How you might encounter Wikipedia when using AI

I've been thinking about the ways that people might encounter Wikipedia information in an AI setting, vs. actually browsing Wikipedia itself. And I think there are some big differences — which should be good news for Wikipedia.

I can attest that a lot of the factual-type questions I might ask ChatGPT are being sourced from Wikipedia, and I bet that's also the case with a lot of the homework-type questions that younger users are using AI for. "What was the cause of the 30 Years' War?" is a great question for ChatGPT. It'll give you a reasonable and concise answer. (Kids, please do your homework yourself.)

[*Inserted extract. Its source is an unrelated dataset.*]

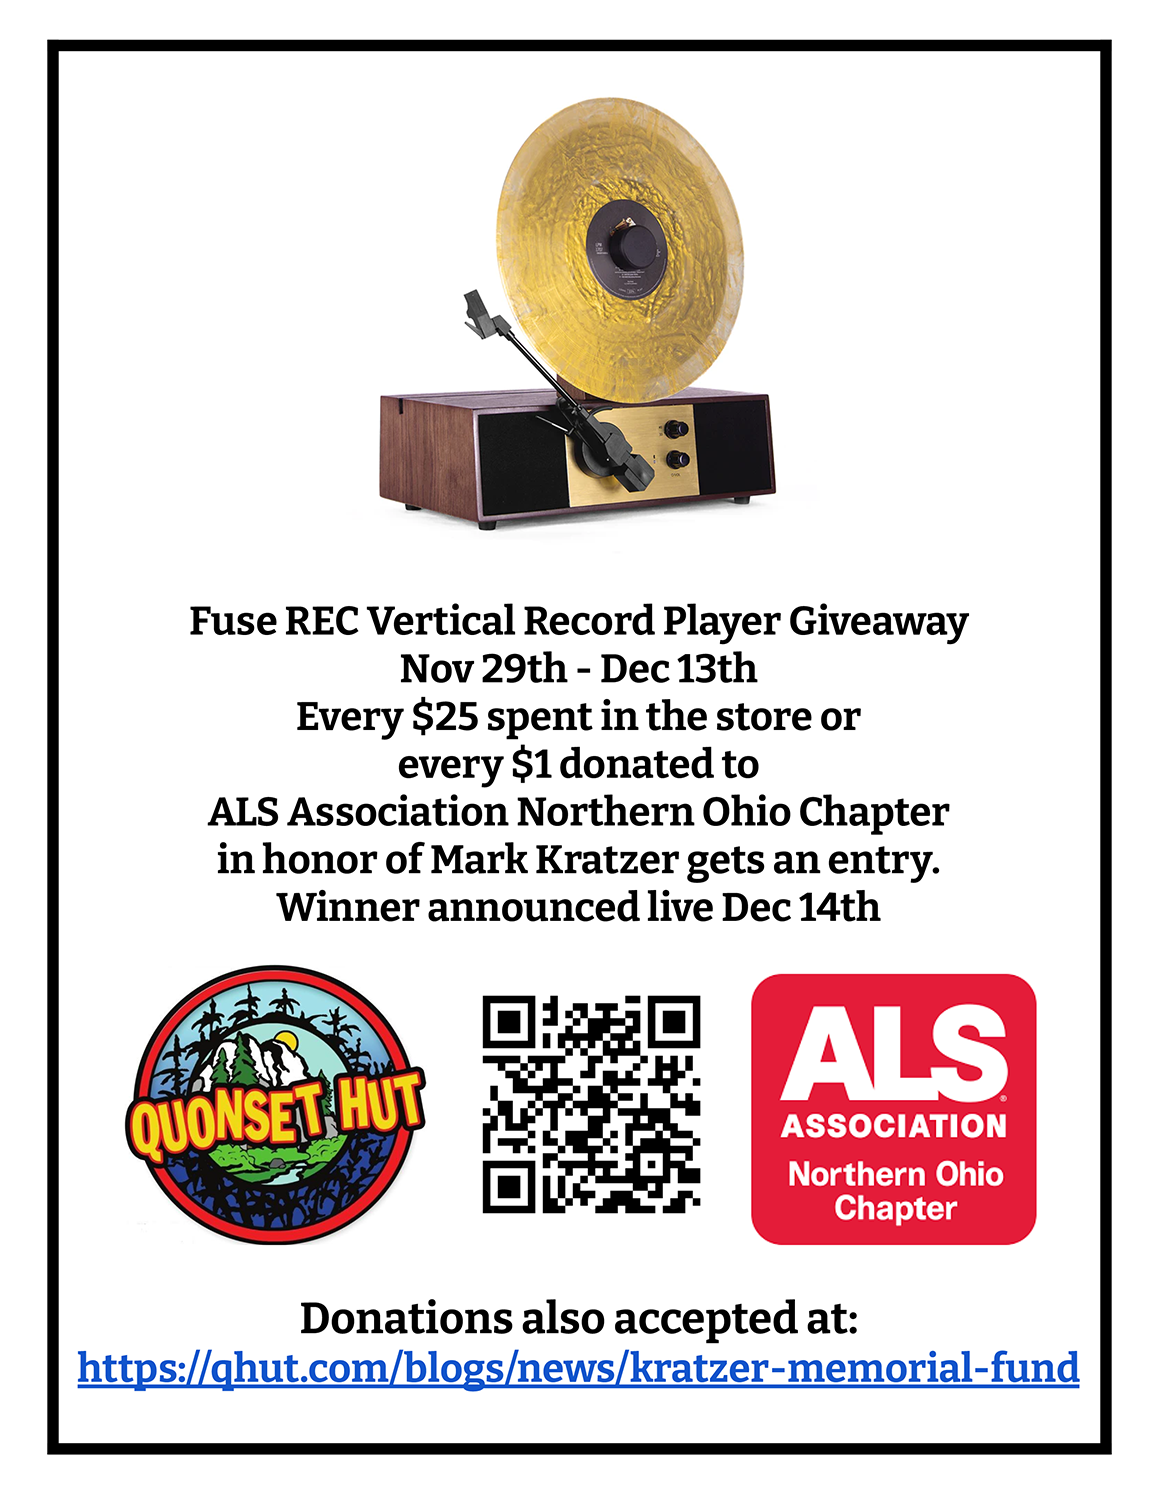 Fuse REC vertical record player giveaway poster

But consider instead what you find on the Wikipedia page for the Thirty Years' War. So many interesting blue words to click on! So many names and places and things! You could get lost there for weeks.

We all love a good Wikipedia rabbit hole to get sucked down — that's a very different experience from wanting a quick answer. It's like sitting down to a meal at a restaurant vs. microwaving a frozen burrito. I say this as someone who eats a fair amount of frozen burritos — sometimes you just want the quick and easy thing! The two versions coexist!

That experience — the browsing experience where you absorb information you didn't even think to ask for — is what sets Wikipedia apart from an AI answer of a simple fact. And that's what the people who donate or edit keep coming back for.